The whale, an immature female about 37 feet long, showed signs of numerous previous injuries, including scars consistent with entanglement in fishing nets or lines, and extensive bruising and skull fractures that were most likely caused by being struck by a ship or boat.

But the whale externally was in “good condition,” according to an assessment by the AMCS’s program director, Kimberly Durham, and a necropsy on the sand of Cupsogue Beach did not uncover an obvious cause of death. Tissue samples were sent to a pathologist for further examination, though results could take months.

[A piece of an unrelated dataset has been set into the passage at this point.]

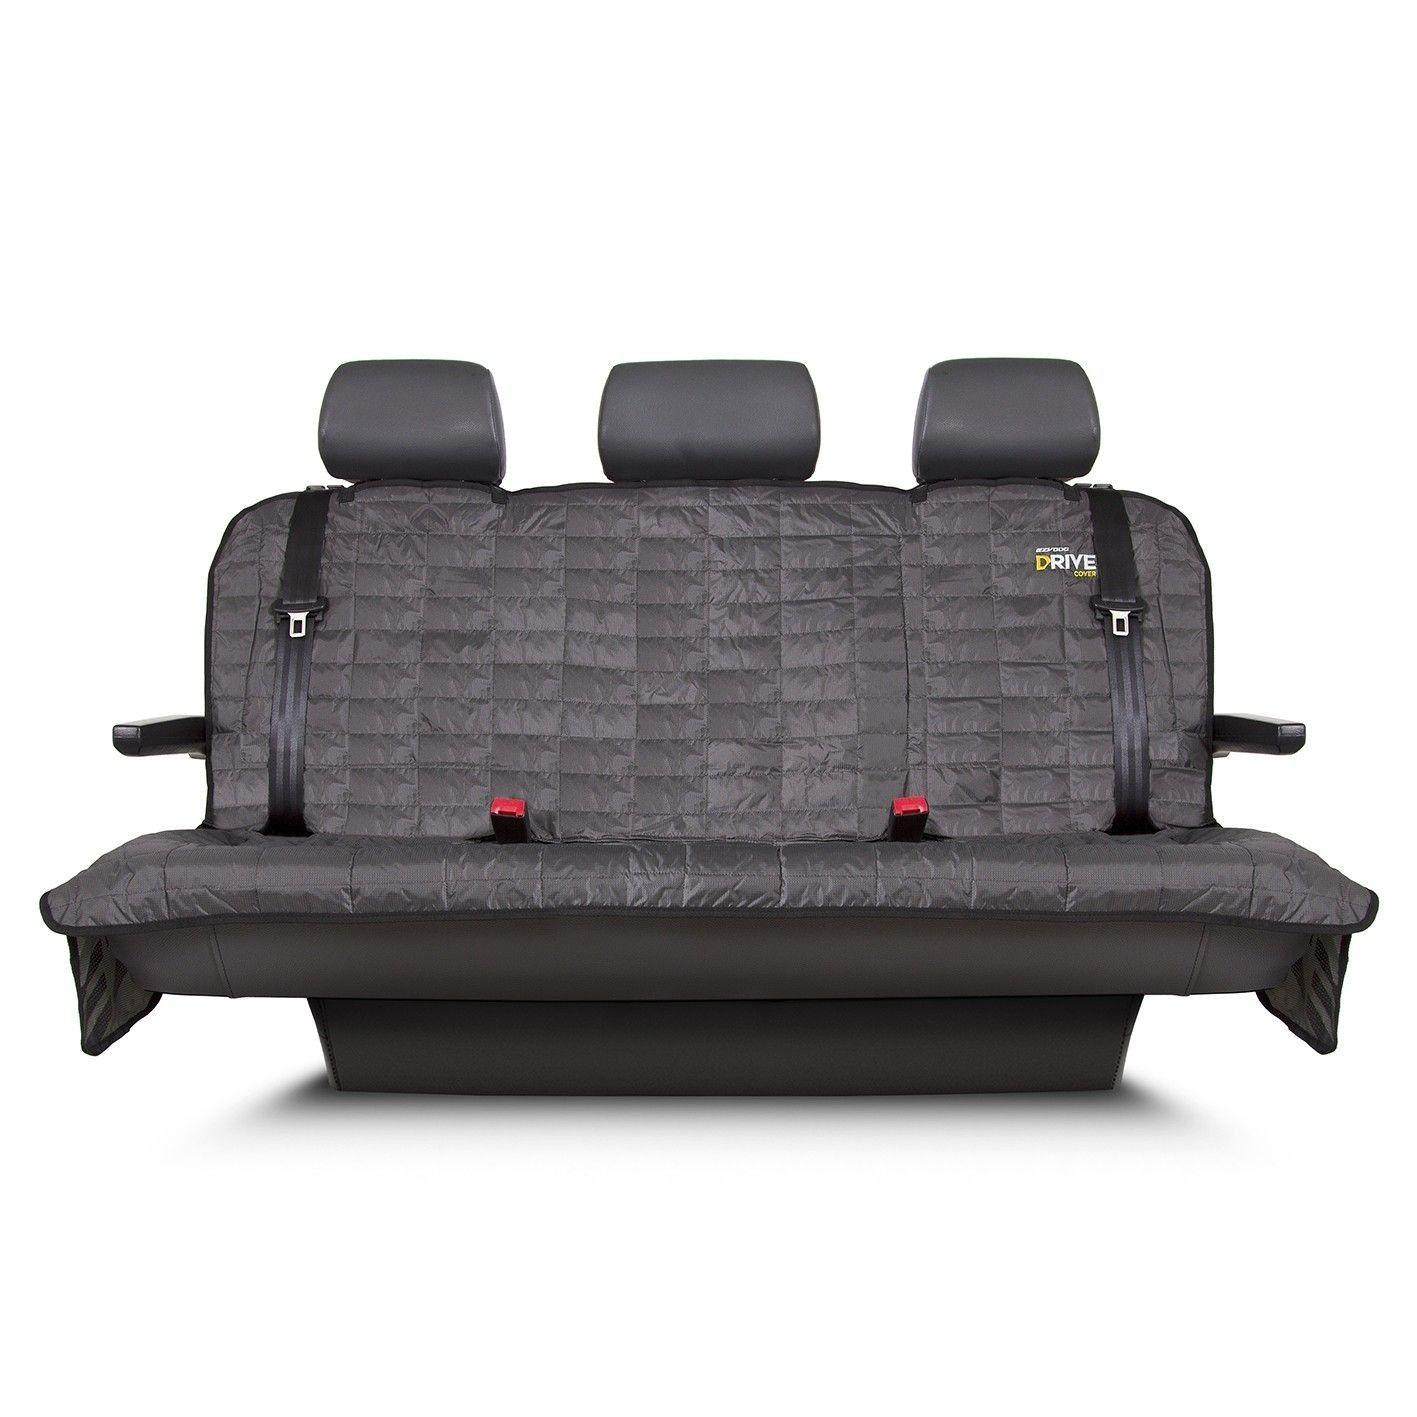 EzyDog Seat Cover

After the necropsy was completed, and a blessing ceremony performed by Shane Weeks of the Shinnecock Indian Nation, the whale’s carcass was buried in the beach by Suffolk County Parks Department crews. Photos of its tail flukes, which bear unique markings that marine scientists use to track the movement of whales along the coast, were sent to the Center for Coastal Studies in hopes of learning more about the 6- to 8-year-old whale’s life history.

The whale’s death was the first documented in 2019, amid a years-long stretch of increasing deaths of humpback whales in the Northeast. Since 2016, the National Oceanic and Atmospheric Administration has logged 93 incidents of humpback whales found dead or dying on or near the coasts of states from Virginia to Maine.

New York has seen the second-largest number of those dead creatures, with 17, including eight in 2018 alone. According to NOAA, about half of the dead whales discovered in this period of “unusual mortality” showed obvious signs of either being struck by a ship or entangled in fishing gear.